I stood up. “I’m not a wayward girl. I only did it once, and with only one—”
She rapped her pencil on the desk. “Sit back down, and spare me your protestations of innocence. It’s obvious from your condition you disregarded the rules of God and society by engaging in premarital sex, and now you must suffer the consequences.”
“What about the boy? Shouldn’t God and society put some of the blame on him?”
“A man can’t help himself. A woman can. It was up to you to say no.”
Her face reflected the same suppressed rage that echoed in her voice, making me wonder what her story was.
“In short, you’ve made your bed, Julie, and now you must lie in it, unless you want to leave here.” She reached for the phone. “I’ll call your mother right now to come get you, if you want me to.”
I longed to say, “Yes, call her. I won’t stay here another day.” But thoughts of Mama wringing her hands in despair—and of the shame she and I would endure, and of my poor baby and the disgrace it would bear being labeled a bastard—made me shake my head and swallow the pain in my throat.
“Then you’ll conform to the rules and regulations of Happiness House?”
I nodded.
“I can’t hear your head rattle,” she said and pressed her lips together.
“Yes, I will.”
“Good. I suspect you have more strength of character than you’ve thus far revealed. You’ll join the latrine team for this first week. You’ll make it sparkle, as I am sure you found it to be upon your arrival.”
At least I had an indoor job where it was cool.
“What other work assignments are there?” I ventured.
“Inside jobs include waiting tables, doing laundry, washing and drying dishes after meals, vacuuming and dusting, that sort of thing. Outside the girls water the grass and flowers, weed the beds, plant seeds, and sweep the walkways. I have a man come once a week to mow. I don’t believe pregnant girls should be doing anything as strenuous as pushing a mower.”
If I hadn’t been so distraught, I’d have laughed in her face.
“Do we have any choice?” I asked, thinking that the blonde girl with skin the shade of tanned leather must have had all the outside jobs.
“No. I assign them. That’s the way I run things. The latrine team gathers in the supply room in,” she looked at her watch, “ten minutes. Before you go, I need you to sign these papers.”
“What are they?” I asked as she passed them to me.

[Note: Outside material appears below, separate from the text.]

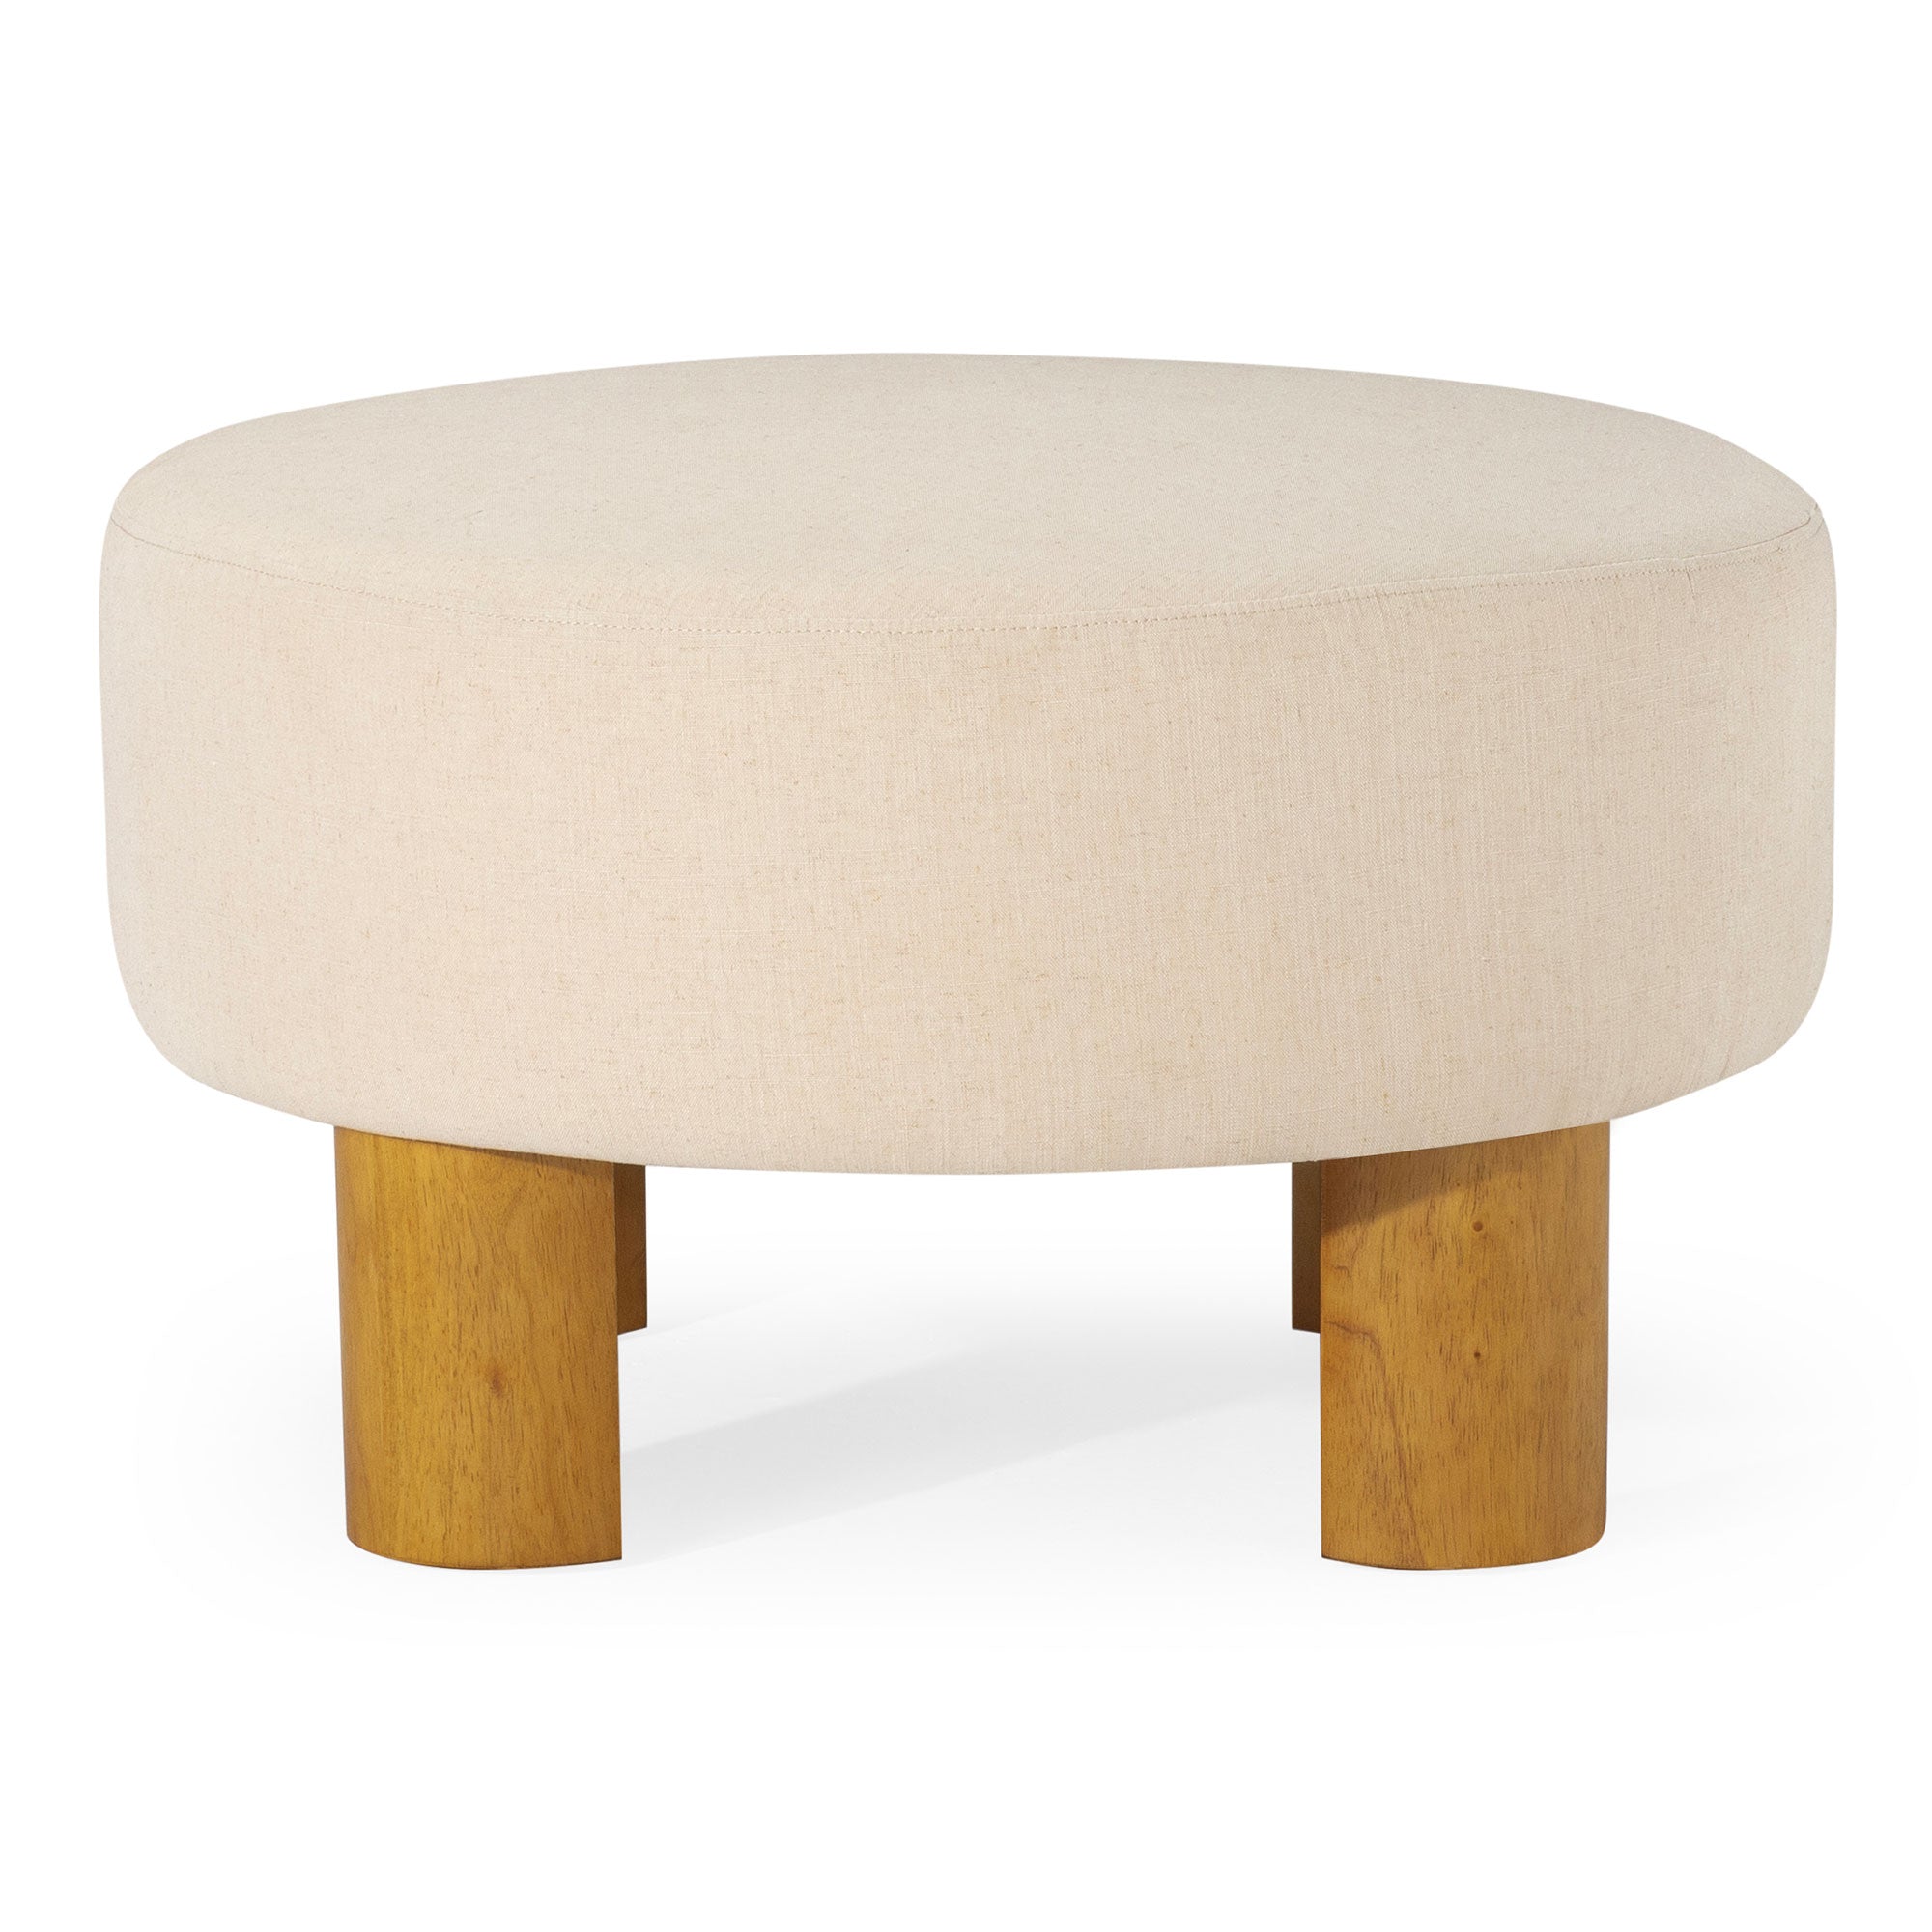 Celia Contemporary Upholstered Ottoman with Refined Natural Wood Finish in Ottomans & Benches by Maven Lane

“Consent forms to give your baby up for adoption. There’s no need for you to read them now. Just sign them. I’ll give you a copy when you leave here that you can read back home at your leisure.”
“I won’t sign anything without reading it first.”
“You do plan to give your baby up, do you not?”
“I . . . I’m not sure.”
“What do you mean, you’re not sure?”
“Just that. I’m not sure yet. I’ll let you know later.”
“You must sign them before you are allowed to leave here. The sooner you sign, the better . . . for your own peace of mind.”
Wild to get out of her office, I snatched the papers and moved toward the door.
Her voice stopped me.
“If you have any idea of keeping the child, what are you doing here? If you go home with a baby, you’ll suffer the same shame you would have if the town had witnessed your entire pregnancy.”
“I’m still not signing the papers until I read them. And that’s the way I run things.”